◆ RECORDED DATA ◆
· · · · ·

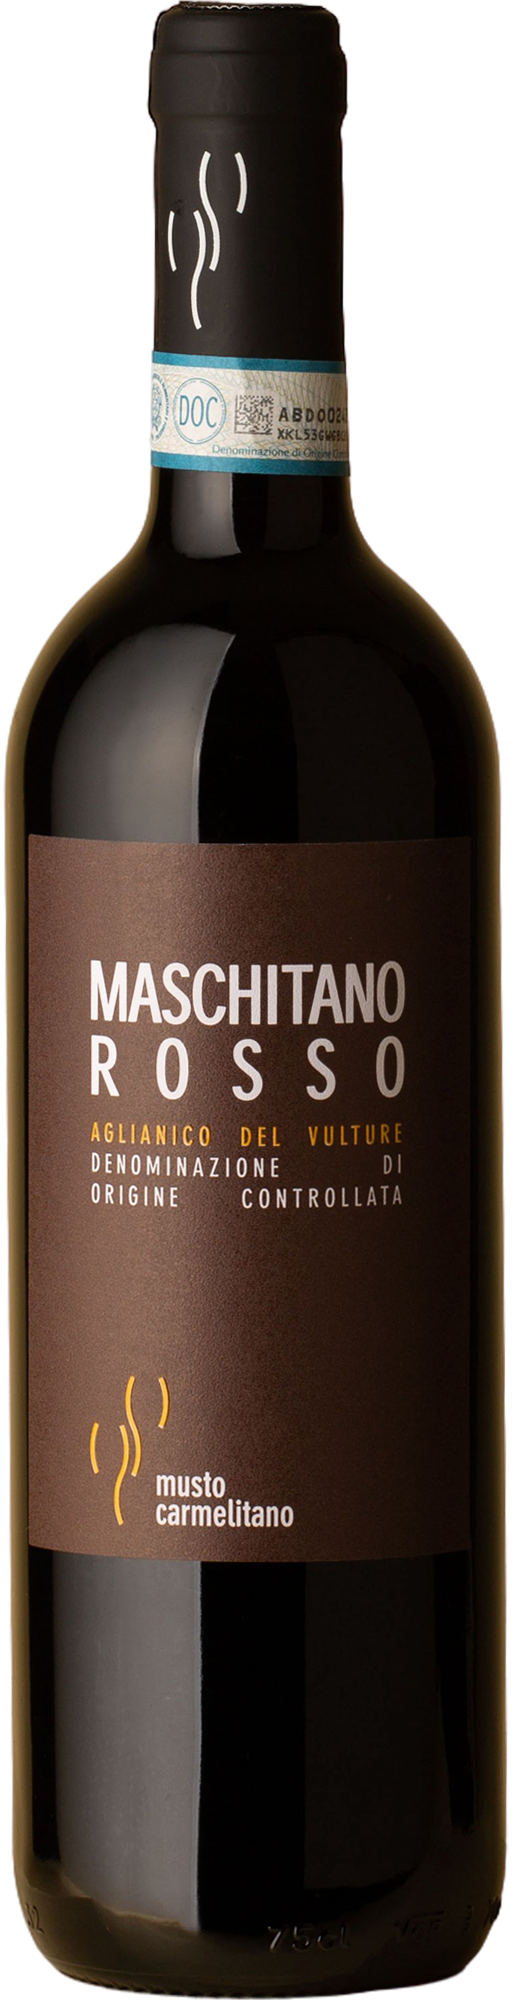 Musto Carmelitano - Maschitano Aglianico del Vulture 2016 Red Wine
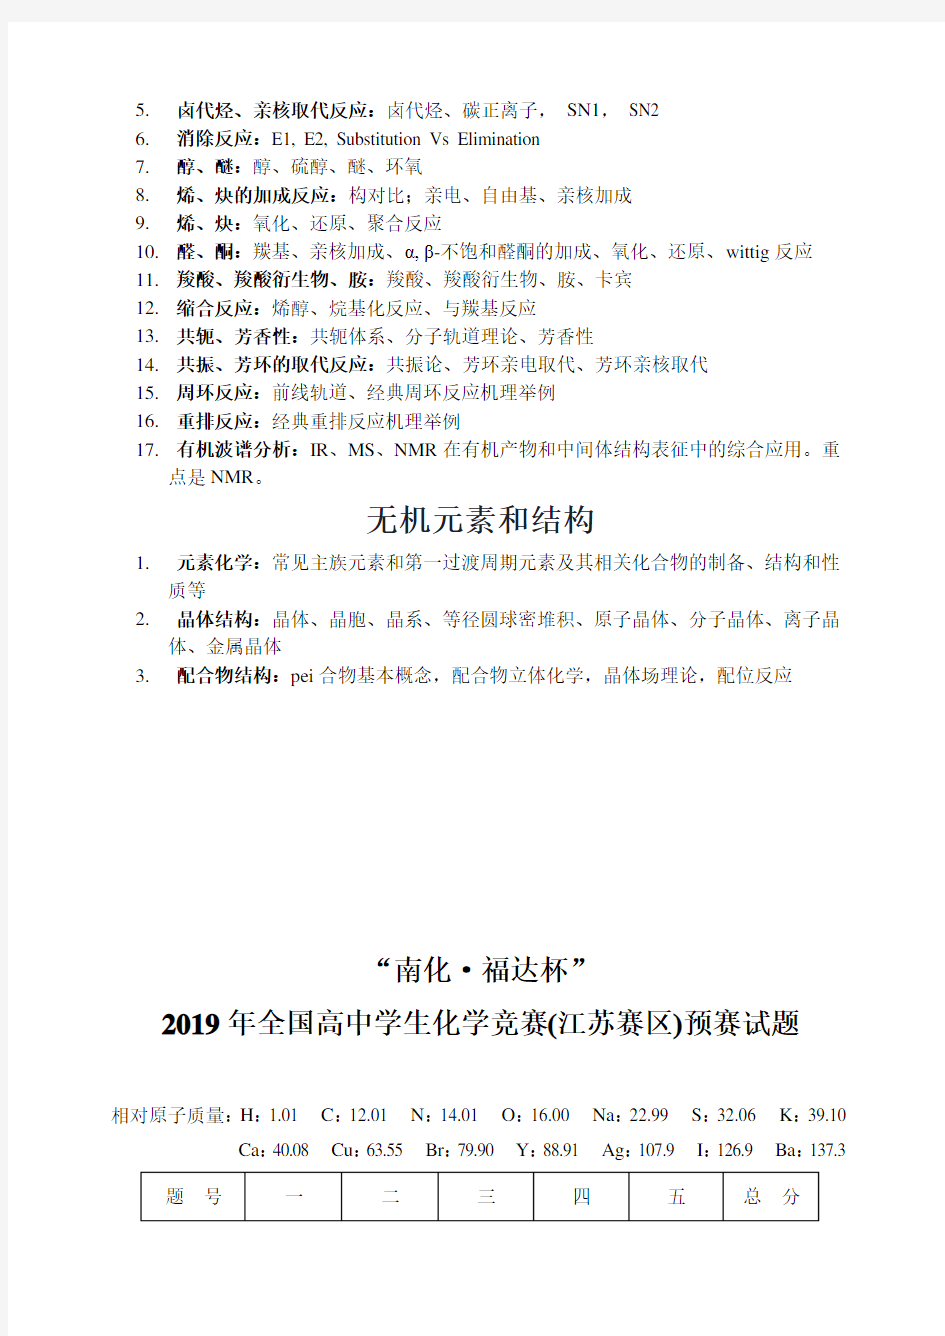 2019年全国高中学生化学竞赛(江苏赛区)预赛试题含详细答案及指导
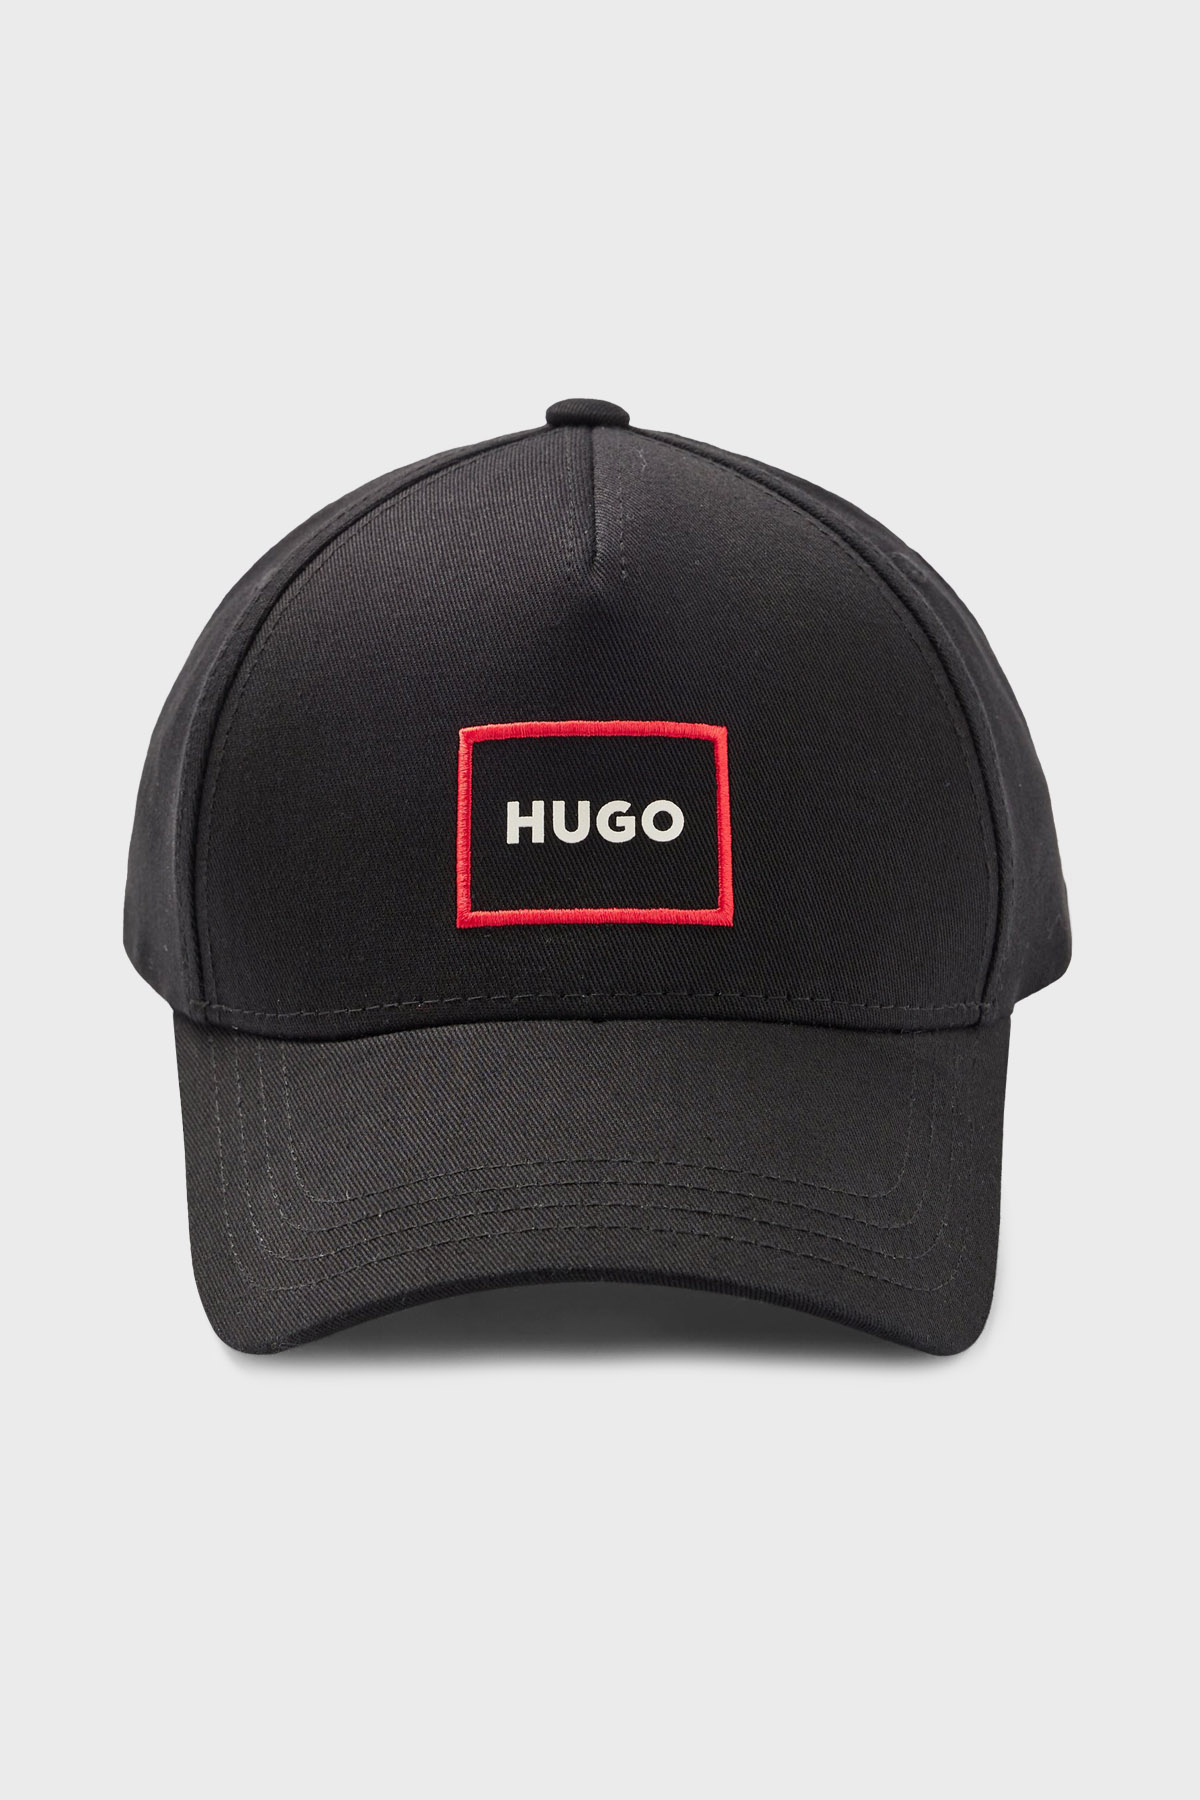 Hugo Logolu % 100 Pamuk Erkek Şapka 50477699 001 SİYAH

· · · · ·

Copy out the material above in full and exactly; its pictures are not to appear.

◆ YOUR RESPONSE ◆
 Musto Carmelitano - Maschitano Aglianico del Vulture 2016 Red Wine
 2019年全国高中学生化学竞赛(江苏赛区)预赛试题含详细答案及指导
 Hugo Logolu % 100 Pamuk Erkek Şapka 50477699 001 SİYAH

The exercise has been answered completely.